# You guys reckon this will be enough food?



## chambers9k (May 2, 2011)

Hi guys wanna try and put on some weight as best as possible.

Current stats are: approx 13.5st

6ft

 around 19-20%bf (porker)

I would like to get in shape for my hol and haven't left myself much time really, i should have kicked myself into gear sooner. Anyway i got 10 weeks to cram the food down me so do you guys think this will be enough grub to try and ge thte best poss gains in 10 weeks (no gear)

7pm: Oat Cereal, PHD Synergy shake + 1tbs Udo's choice, Banana

10pm: Turkey Breast sandwich on Brown, Some greek/Greek style yoghurt.

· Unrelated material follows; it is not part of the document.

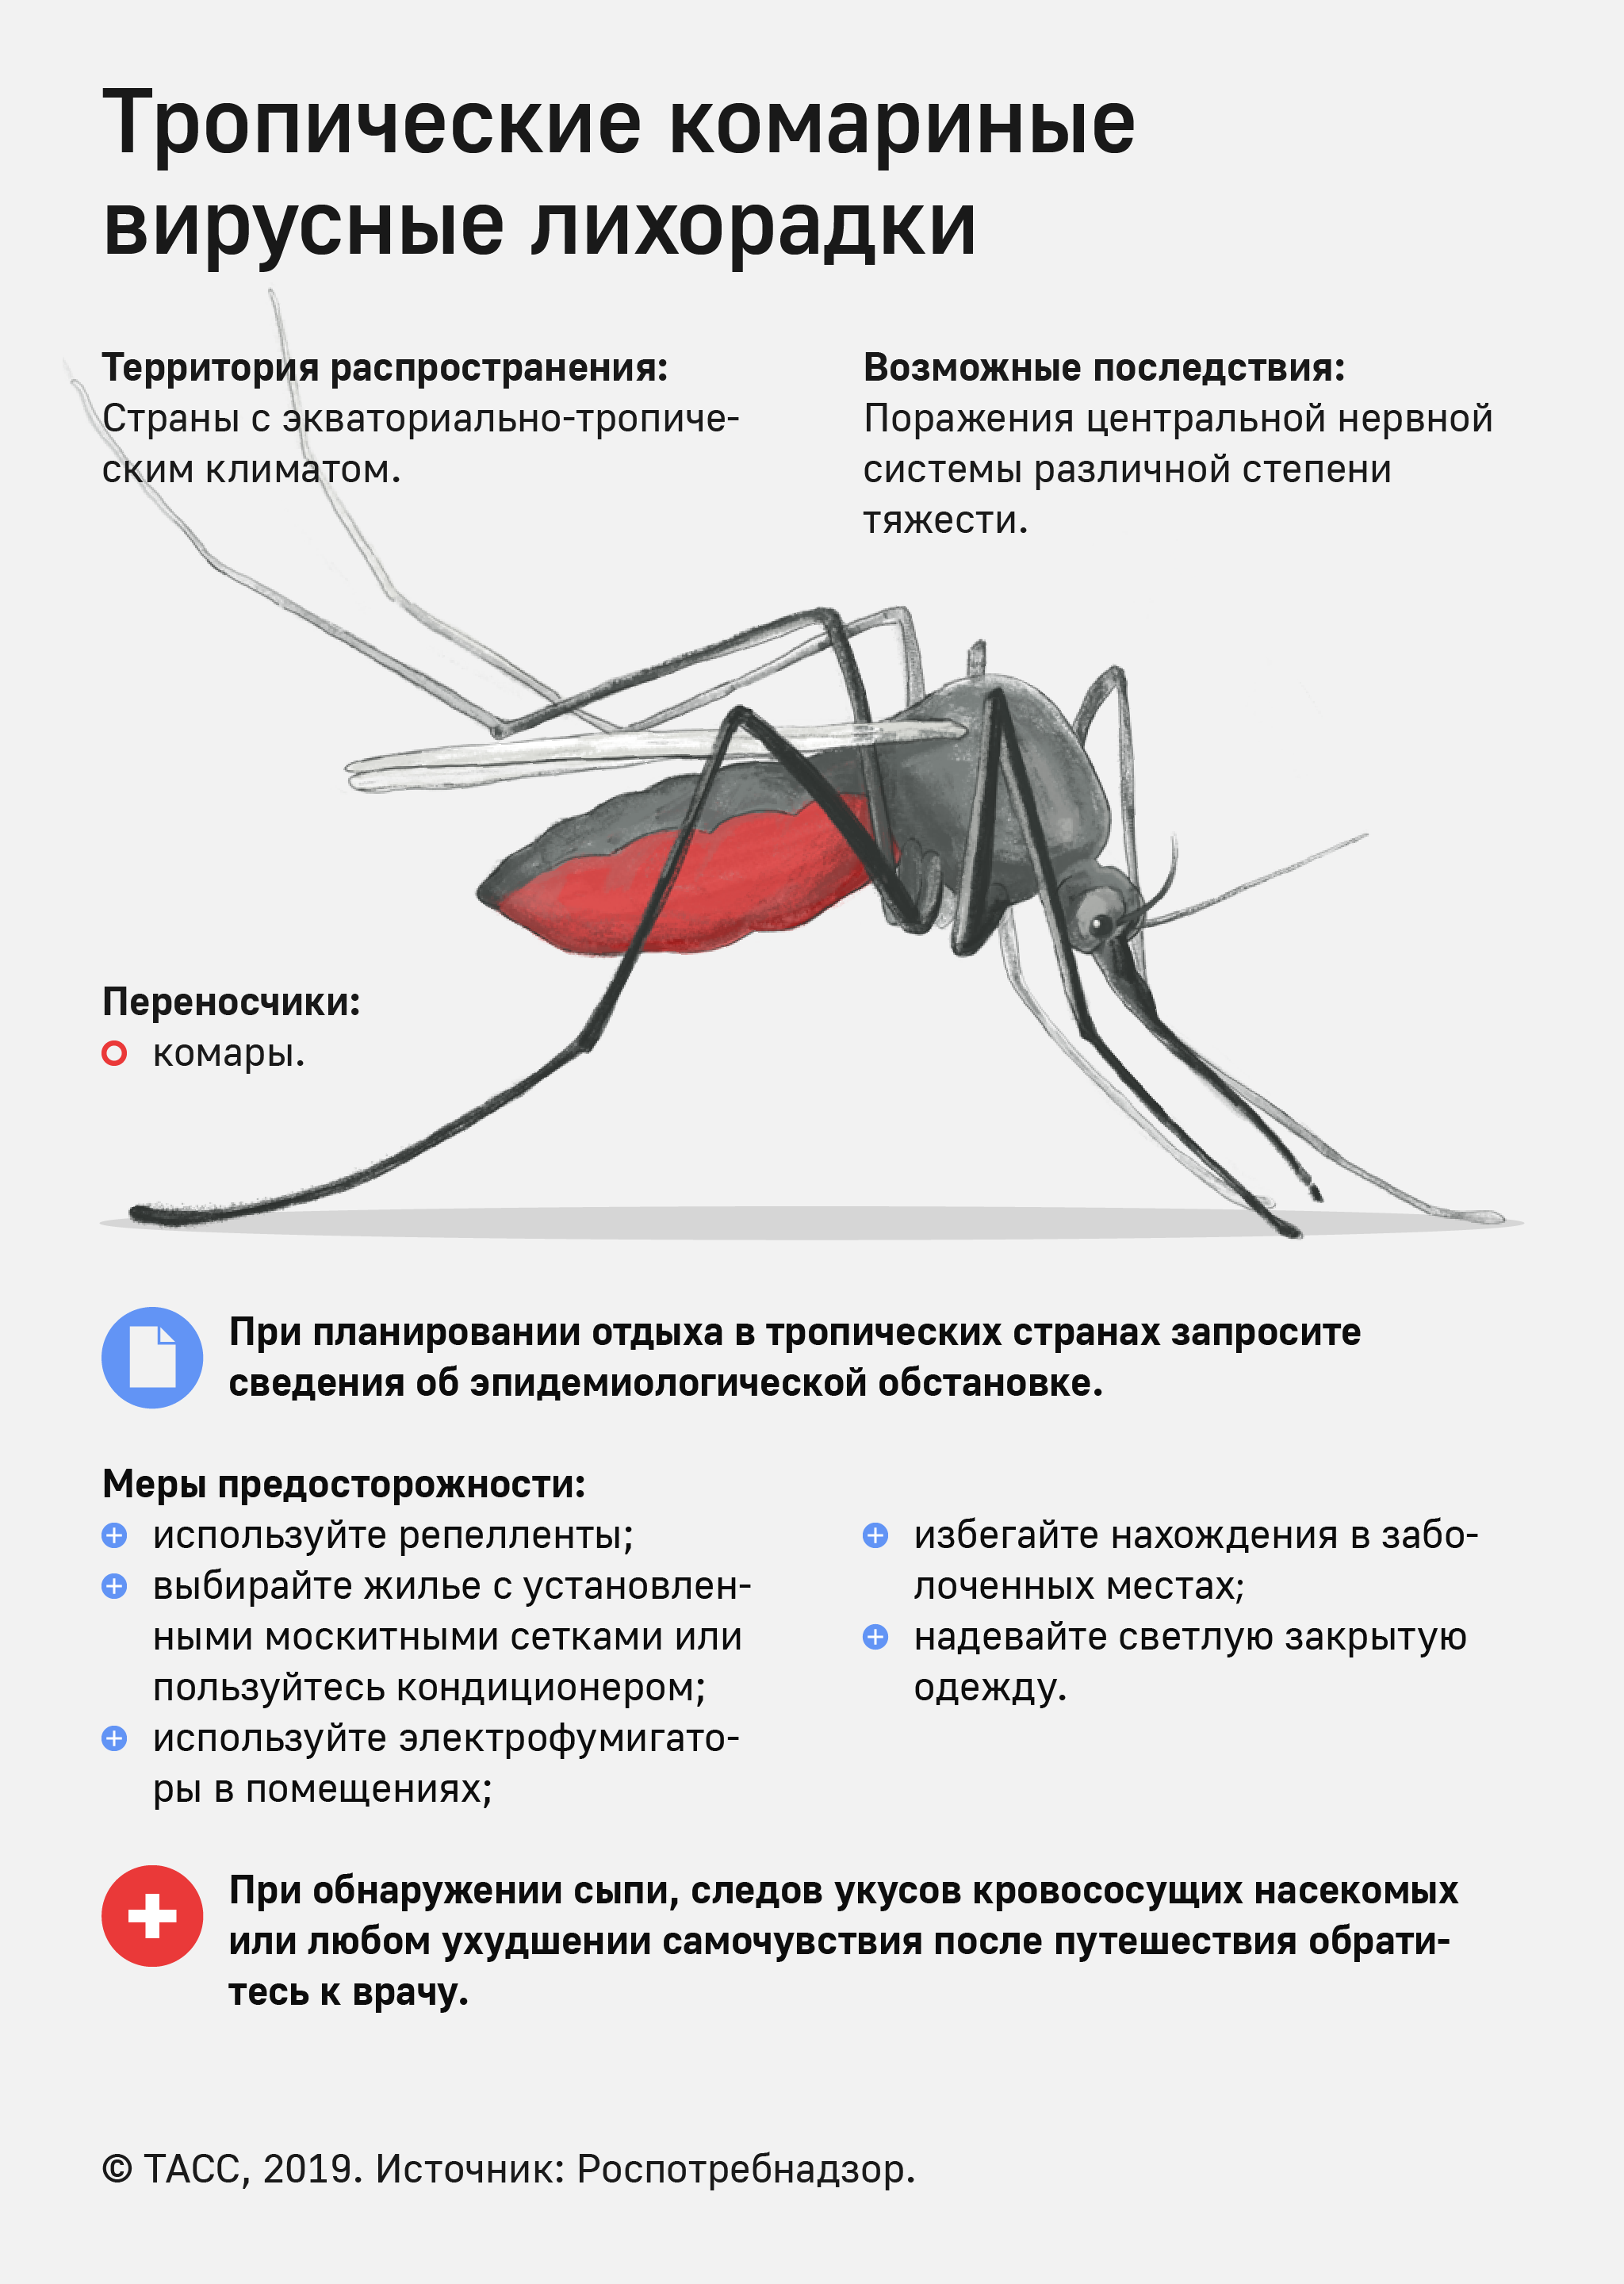 Комары переносчики заболеваний. Малярийный комар болезнь. Профилактика от малярийного комара. Памятка по профилактике малярии.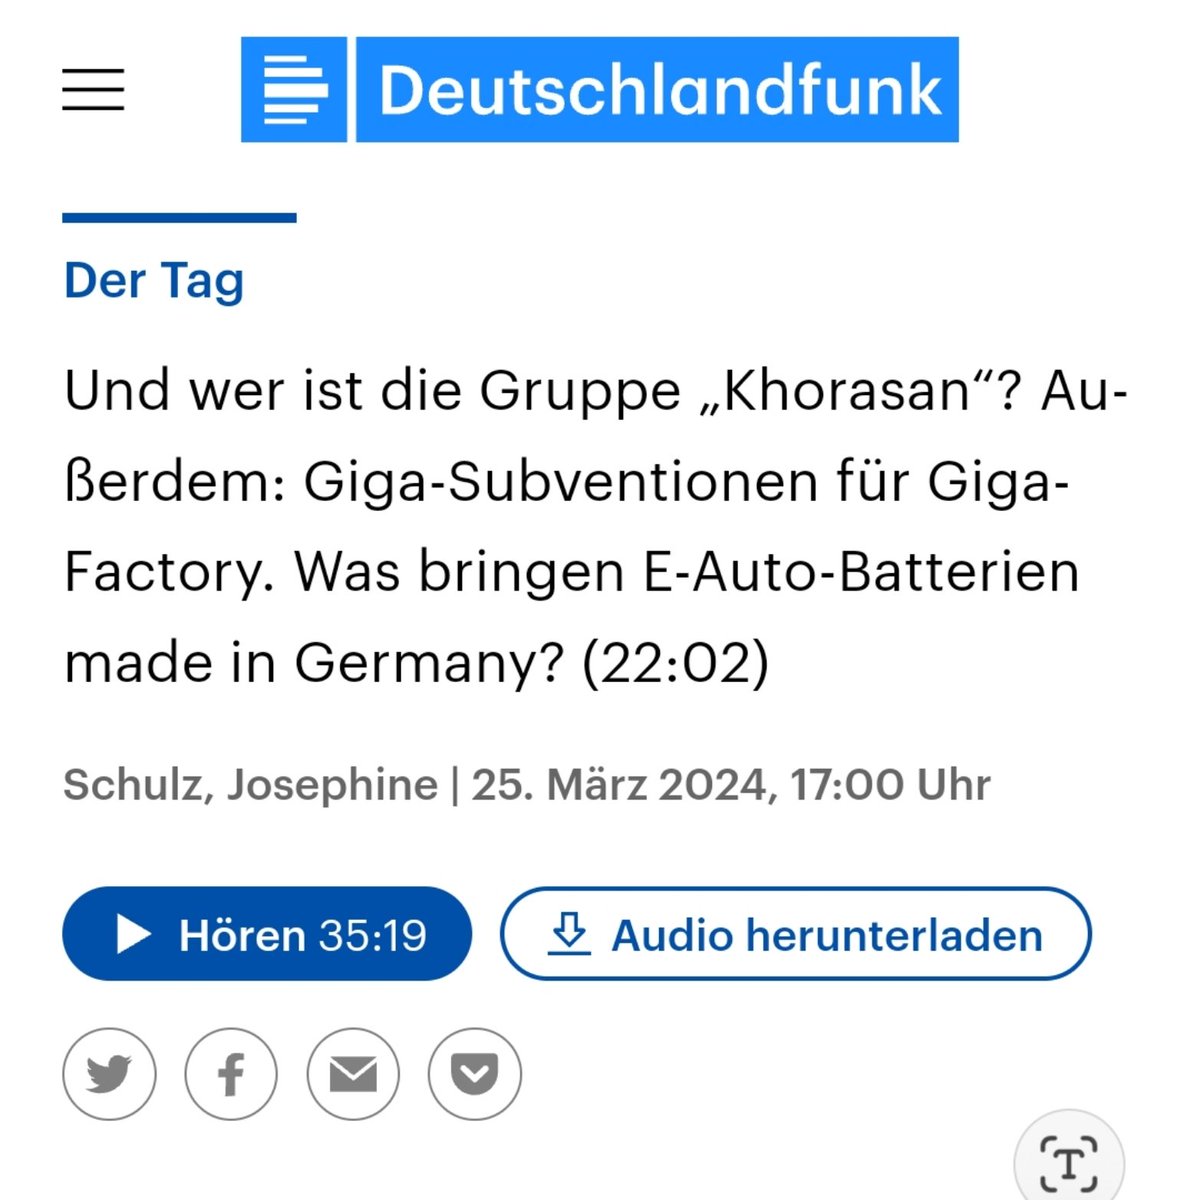 Was bringen E-Auto-Batterien made in Germany? Darüber habe ich im @DLF Podcast 'Der Tag' mit Josephine Schulz gesprochen. Anlass war der Baubeginns der Batteriezellenfabrik des schwedischen Unternehmens #Northvolt in #Heide. Ab 22:03 in der Dlf Audiothek share.deutschlandradio.de/dlf-audiothek-…

1pm: Chicken Breast/ Turkey Breast / Beef strips / Salmon fillet

with

Quinoa / Brown Rice / Sweet potato

with

Green Veg i.e broccoli Peas Green beans

3pm: The same but different Combination

4.30pm: Train

PWO: PHD Synergy Shake

6pm: As 1pm & 3pm but different combo.

9-10pm: Casein shake i.e USN-igf1.

Sorry i haven't got all the weights and macros but roughly what do you think? would you change/add/take away anything?


----------



## MRSTRONG (Apr 18, 2009)

id start again .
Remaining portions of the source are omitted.